ADB urges stronger oversight as GOCC liabilities reach ₱18.5 trillion
The Asian Development Bank (ADB) has called on its host country to strengthen oversight and financial risk management of government-owned and/or -controlled corporations (GOCCs), warning that their growing liabilities and fiscal exposure could pose long-term risks to public finances.
In a report titled “Enhancing Financial Risk Management and Oversight of Philippine Government-Owned or -Controlled Corporations,” published on Friday, Feb. 20, the Manila-based multilateral lender highlighted the scale of GOCC financial exposure and the need for reforms to improve monitoring, transparency, and fiscal discipline.
The ADB report cited Development Budget Coordination Committee (DBCC) data showing that GOCCs’ total liabilities reached ₱18.5 trillion as of end-2023, equivalent to 76 percent of gross domestic product (GDP). The 24 largest state-run firms alone accounted for ₱17.84 trillion, or 96.4 percent of total GOCC liabilities, equivalent to 73.4 percent of GDP, DBCC data showed.
For the ADB, these figures underscore the magnitude of fiscal risks tied to GOCCs, which operate across key sectors such as finance, transportation, utilities, and infrastructure and play a vital role in national development.

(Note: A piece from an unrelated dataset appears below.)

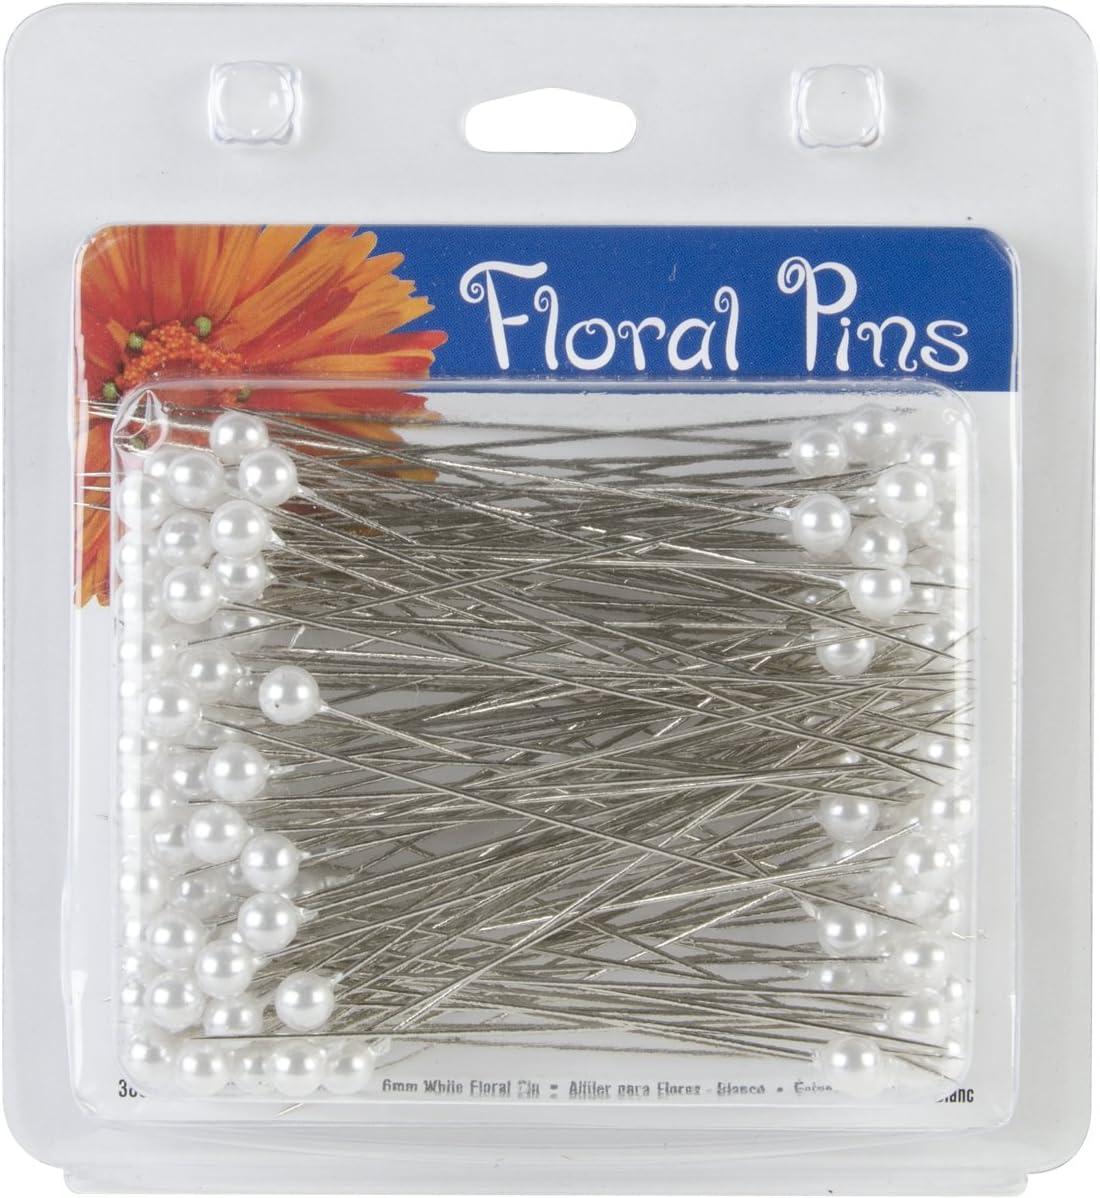 B001C2DPHK Darice 3-Inch Floral Pins, Round, White, 144-Pack 71K8FGgZlmL

The lender noted that the national government (NG) provides fiscal support to GOCCs through loans, guarantees, subsidies, and public-private partnership (PPP) funding, but stressed that reforms are needed to strengthen oversight and risk assessment.
“These include developing a clear framework for extending support; clarifying the roles and responsibilities of reviewing and approving agencies; better defining GOCC categorization; enhancing fiscal risk reporting; and ensuring that government financial support is viewed holistically, recognizing that commitments often cover multiple financial years,” the report said.
It warned that fragmented oversight makes it difficult for policymakers to fully assess fiscal exposure.
“Support requests may be received at various times during the year and reviewed and approved by different NG institutions,” the report noted, adding that this makes it difficult “to determine the total support given to GOCCs over the medium term.”
The ADB noted that fiscal risks arise not only from liabilities but also from government guarantees, advances, and subsidies extended to GOCCs.
Among major GOCCs, financial institutions and social security entities account for 89 percent of liabilities, while infrastructure and food-sector GOCCs such as Power Sector Assets and Liabilities Management Corp. (PSALM), National Food Authority (NFA), and National Irrigation Administration (NIA) represent a significant share of fiscal risk through guarantees and subsidies.
To address these risks, the ADB recommended clearer classification of GOCCs based on their commercial or noncommercial mandate, which would improve fiscal risk assessment and funding decisions.
“Classifying GOCCs as either commercial or noncommercial would help identify fiscal risks and improve the management and oversight of GOCCs,” it said.
The lender also urged the NG to adopt multiyear financial planning to better align funding decisions with fiscal capacity.
“GOCCs should develop multiyear business plans that set both financial and nonfinancial performance targets,” the ADB said, noting that current budget processes often focus on annual fiscal programming rather than long-term sustainability.
Also, it called for the implementation of a unified reporting framework to improve transparency and oversight.
“Creating a CRS will improve the identification and management of GOCC-related fiscal risks, while also streamlining and strengthening GOCC governance and the [NG’s] oversight as a shareholder,” the report said, referring to the proposed common reporting standard.
Under the proposed reforms, GOCC business plans would serve as the foundation for fiscal risk monitoring, supported by a centralized reporting system accessible to oversight agencies such as the Department of Finance (DOF), the Department of Budget and Management (DBM), and the Governance Commission for GOCCs (GCG).
The ADB said such reforms would enable policymakers to better assess financial risks, improve transparency, and ensure that government support to GOCCs remains sustainable.
“Adoption of the business plan-based system will also address all of the gaps and weaknesses in GOCC-related fiscal risk reporting and management identified in this report,” it said.
With GOCC liabilities representing a substantial share of national economic output, the ADB said strengthening governance and fiscal oversight will be critical to protecting public finances while ensuring state-owned firms continue to deliver essential services.